The race began in earnest in the Alps. Vietto came into his own over the Col d’Aravis, easily beating Maes. A reporter who consolingly told Maes that he would have ridden a fine race even if he lost the yellow jersey the next day was told, ‘Who said that I’m going to lose the yellow jersey?’ and he didn’t lose it. The Alpine stages were notable for a grimmer reason. A series of collisions between riders and vehicles had begun on an earlier stage, and a publicity car had already become entangled with the peloton before Magne ran into the back of a car that had braked suddenly. He fell, nastily impaling his left calf on a pedal. Although Leducq stopped to try to help him, it was soon clear that the Tour was over for him.

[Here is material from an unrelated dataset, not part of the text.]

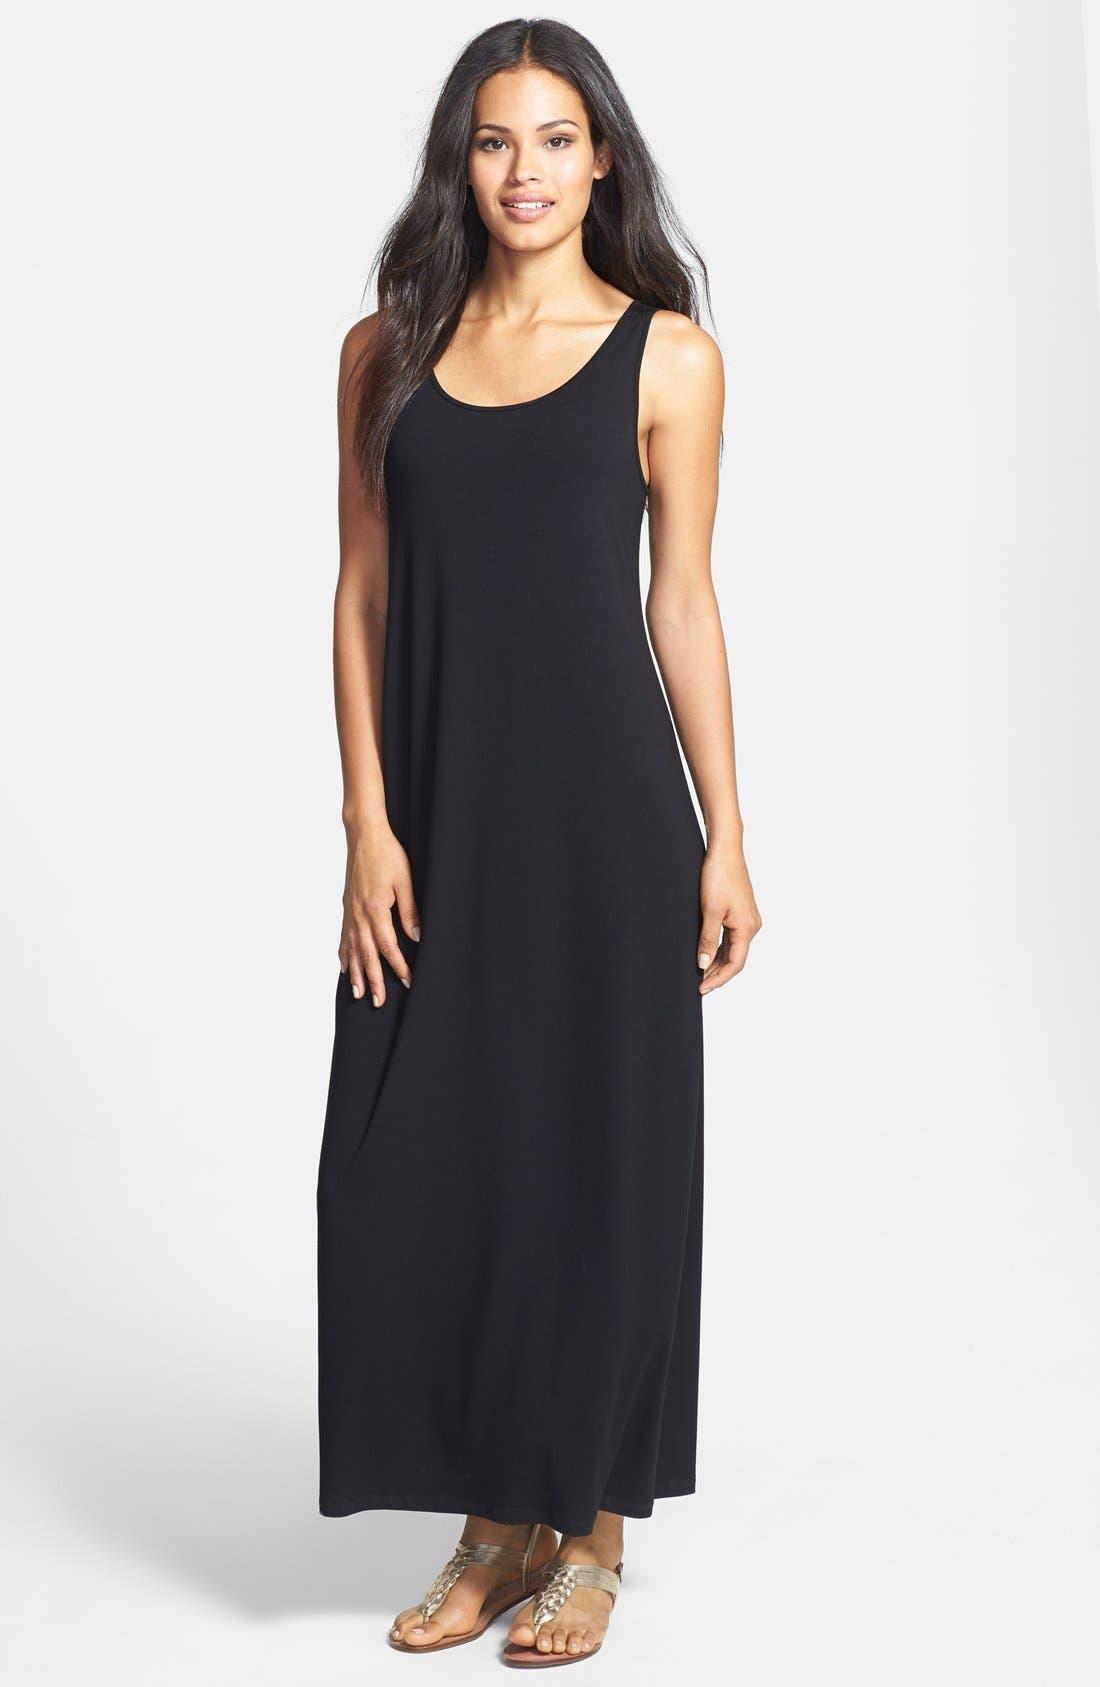 Alternate Image 1 Selected - Eileen Fisher Scoop Neck Jersey Dress (Petite)

But it was on the next stage that disaster came, and on the descent from the Galibier where the Spanish rider Francesco Cepeda had a horrible fall, dying from his injuries. He was the first fatality claimed by the Tour, to be followed by Simpson in 1967 and Casartelli in 1995. ‘One is too many’ is easily said, and true enough, but if anything it may seem surprising that no more than three riders have been killed in a hundred years. To watch riders in a bunch sprint finish, or swerving on wet pavés, or negotiating narrow pass roads, or descending from a great col at hair-raising speed, is to witness what by any standards is a dangerous sport. The cyclists who ride in the Tour are brave men.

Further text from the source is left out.